The DNA and RNA sequences of the Salmonella-specific and E. coli O157: H7-specific probes can be covalently linked. The probes can be labeled with a fluorescent label or with a FRET pair.

The amplification buffer can be a Tris-acetate buffer.

The PCR fragments can be linked to a solid support.

The amplifying polymerase activity can be an activity of a thermostable DNA polymerase. The RNAse H activity can be the activity of a thermostable RNAse H or hot start RNAse H activity.

The sample can be a food sample or a surface wipe sample.

The nucleic acid within the sample may be pre-treated with uracil-N-glycosylase that is inactivated prior to PCR amplification.

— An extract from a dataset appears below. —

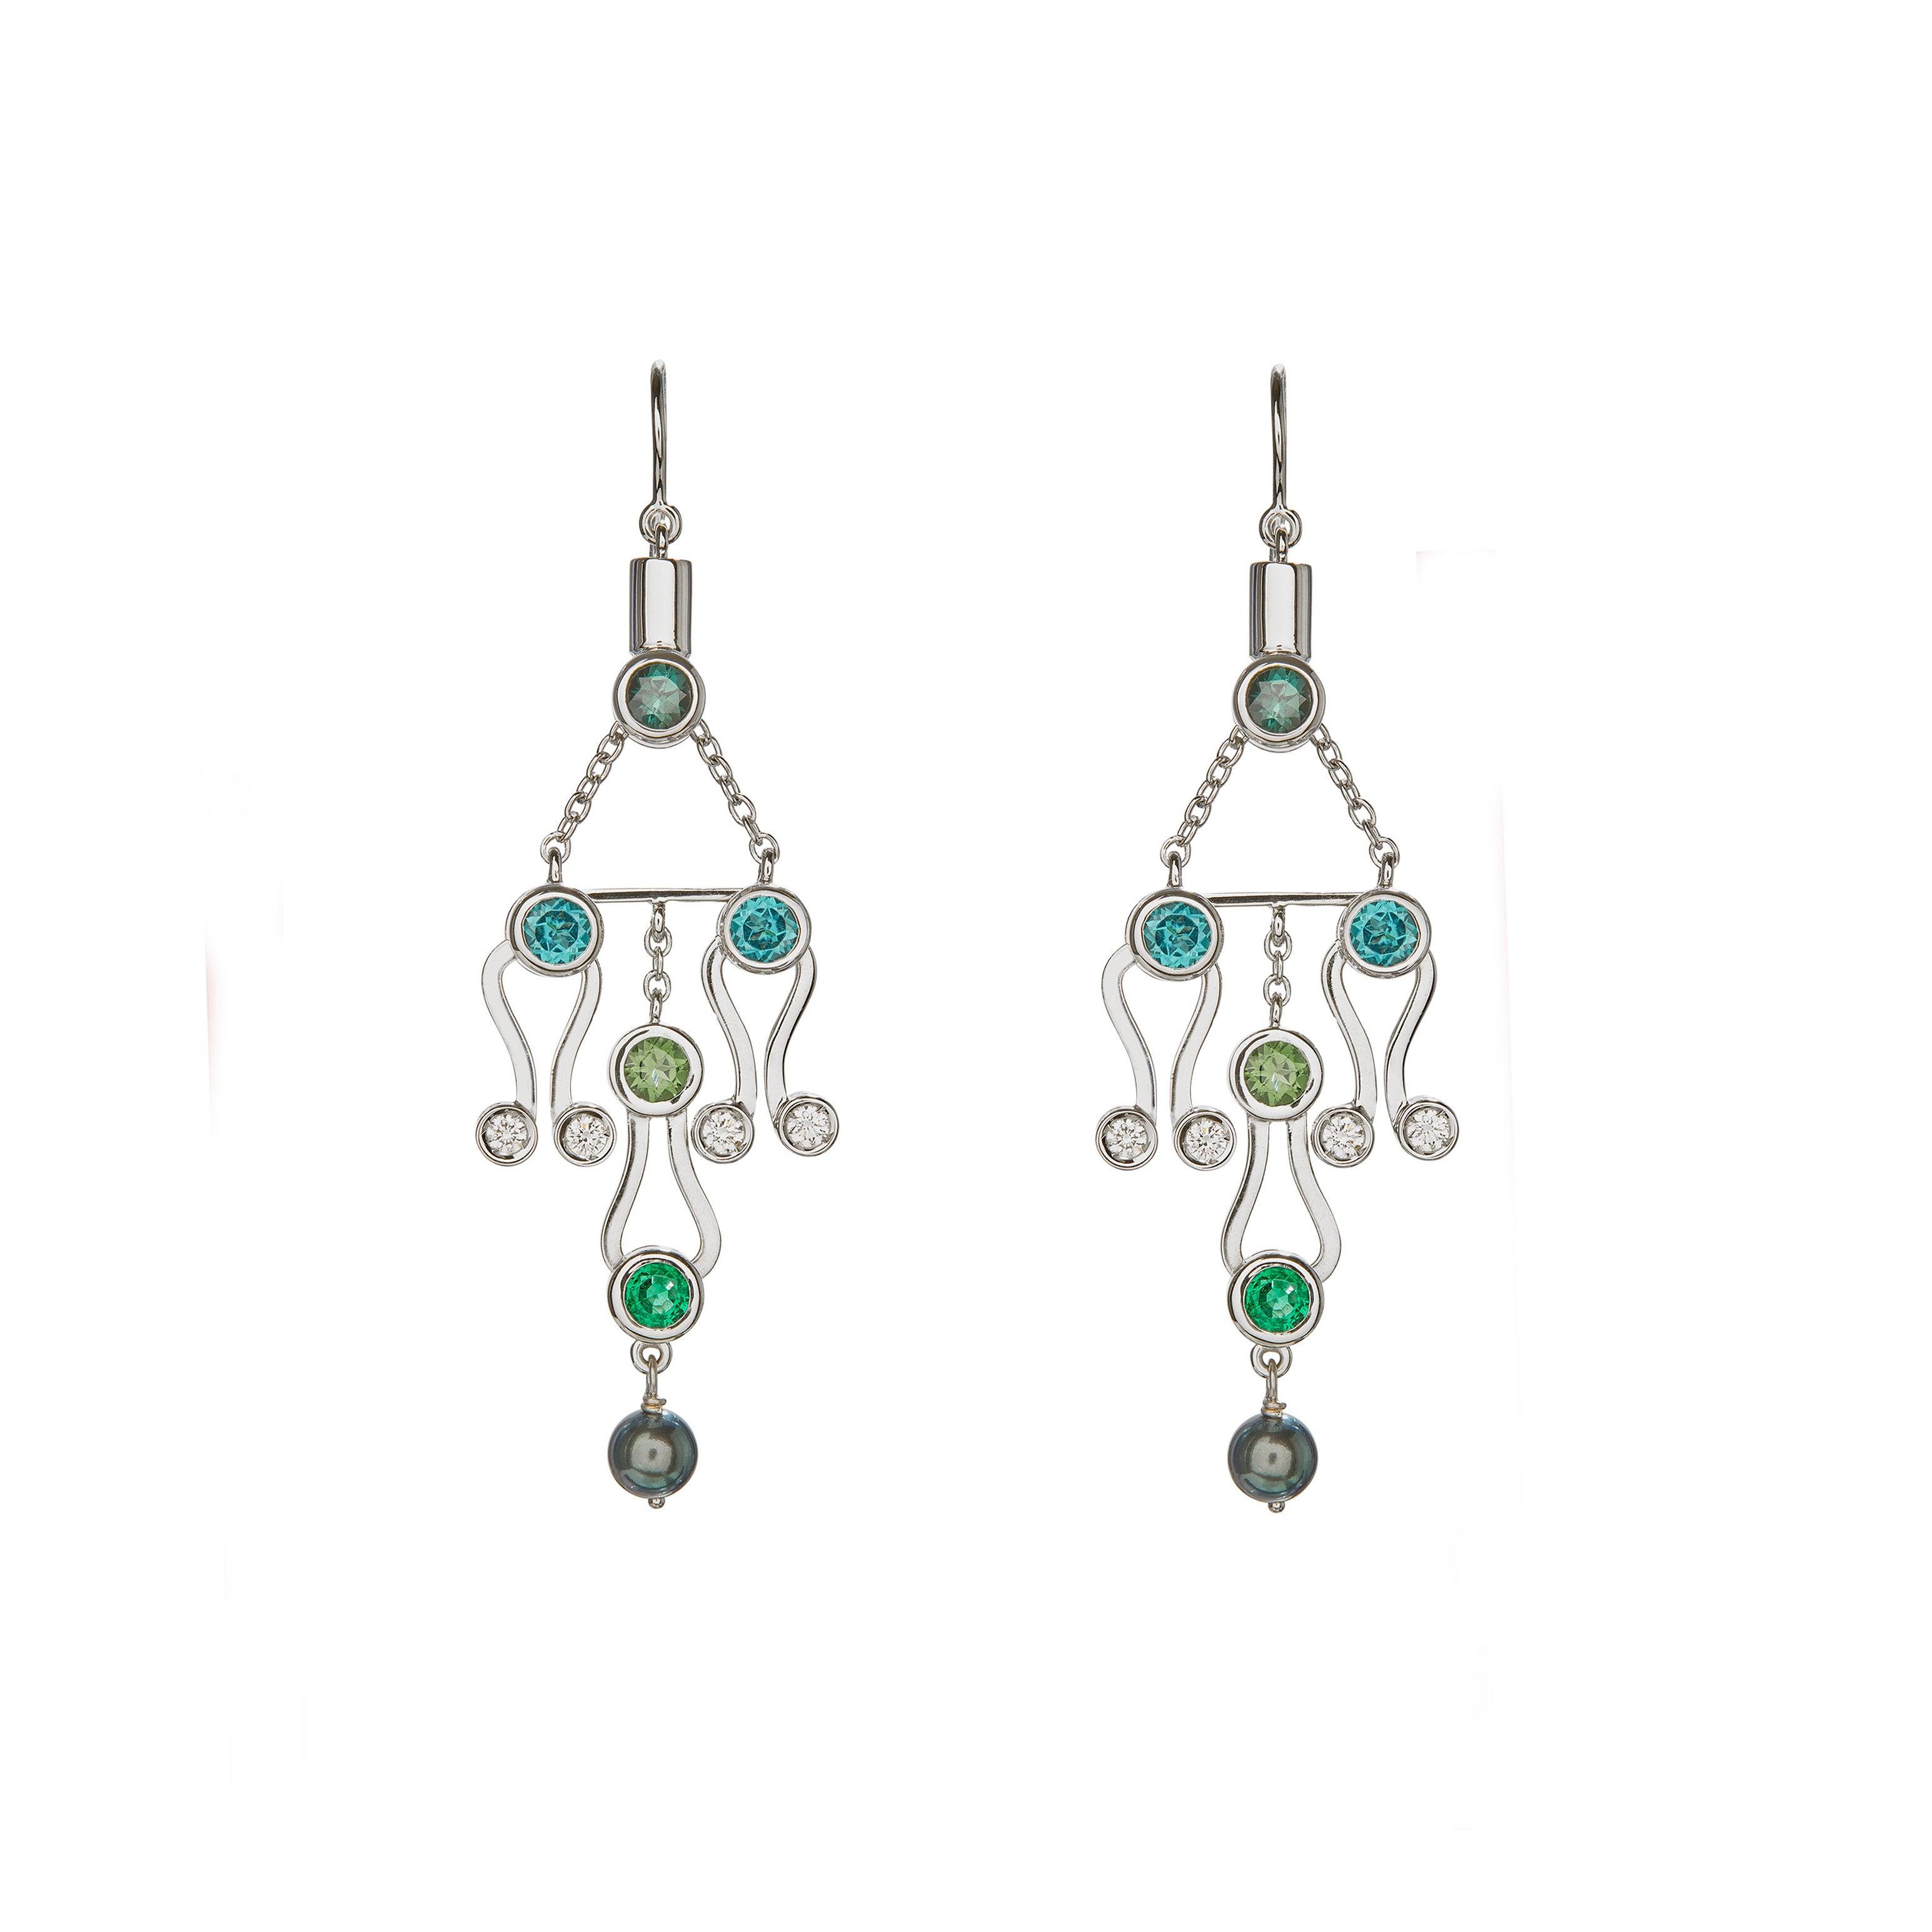 Nathalie Jean 0.2Carat Diamond Emerald Tourmaline Indicolite Pearl Gold Earrings
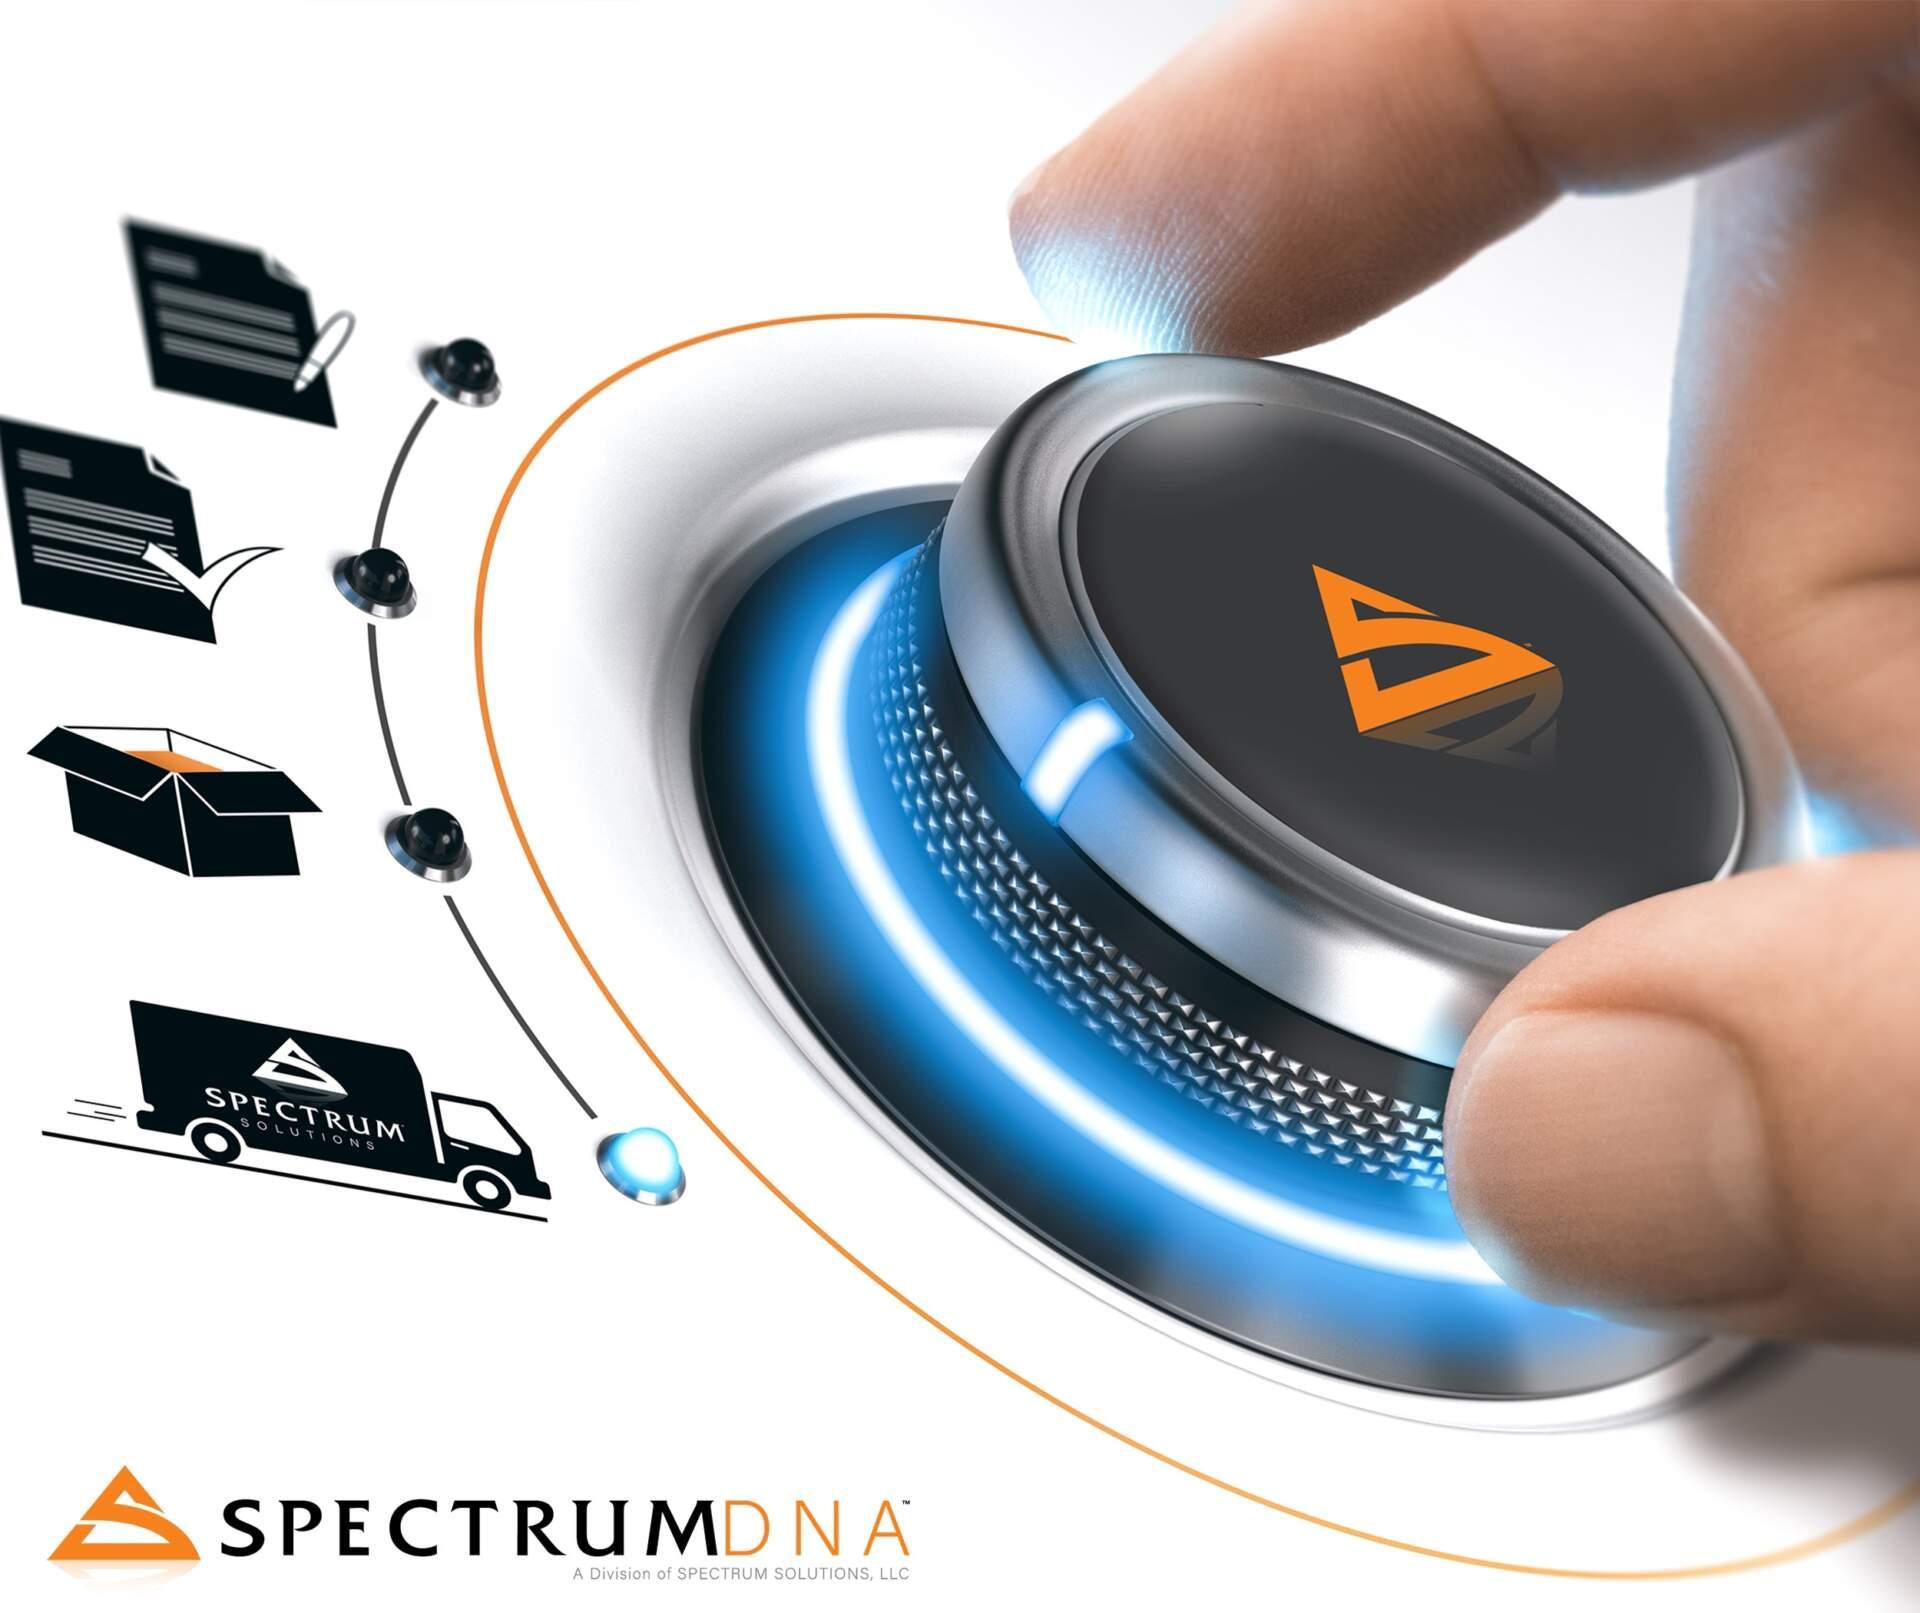 Spectrum DNA - Order Fulfillment

The Salmonella-specific probe can have a structure of R1-X-R2 and the E. coli O157: H7-specific probe can have a structure of R1′-X-R2′, wherein R1, R1′, R2 and R2′ are each selected from the group consisting of a nucleic acid and a nucleic acid analog, and X may be a first RNA, and the R1, R1′, R2 and R2′ each can be coupled to a detectable label.

The pair of Salmonella-specific forward and reverse amplification primers comprises a forward primer (SEQ ID NO: 1) and a reverse primer ((SEQ ID NO: 2), and the pair of E. coli O157: H7-specific amplification forward and reverse primers comprises a forward primer (SEQ ID NO: 3) and a reverse primer ((SEQ ID NO: 4).

The target DNA can be amplified by rolling circle amplification (RCA), nucleic acid sequence based amplification (NASBA), or strand displacement amplification (SDA).

In another embodiment, a kit is described for simultaneously amplifying and detecting target sequences from Salmonella and E. coli O157: H7 in a sample comprising a pair of Salmonella-specific forward and reverse amplification primers, a pair of E. coli O157: H7-specific forward and reverse amplification primers, a Salmonella-specific probe which has a structure of R1-X-R2, an E. coli O157: H7-specific probe which has a structure of R1′-X-R2′, a RNase H, and an amplifying polymerase activity, wherein R1, R1′, R2 and R2′ are each selected from the group consisting of a nucleic acid and a nucleic acid analog, and X may be a first RNA, and the R1, R1′, R2 and R2′ each are coupled to a detectable label.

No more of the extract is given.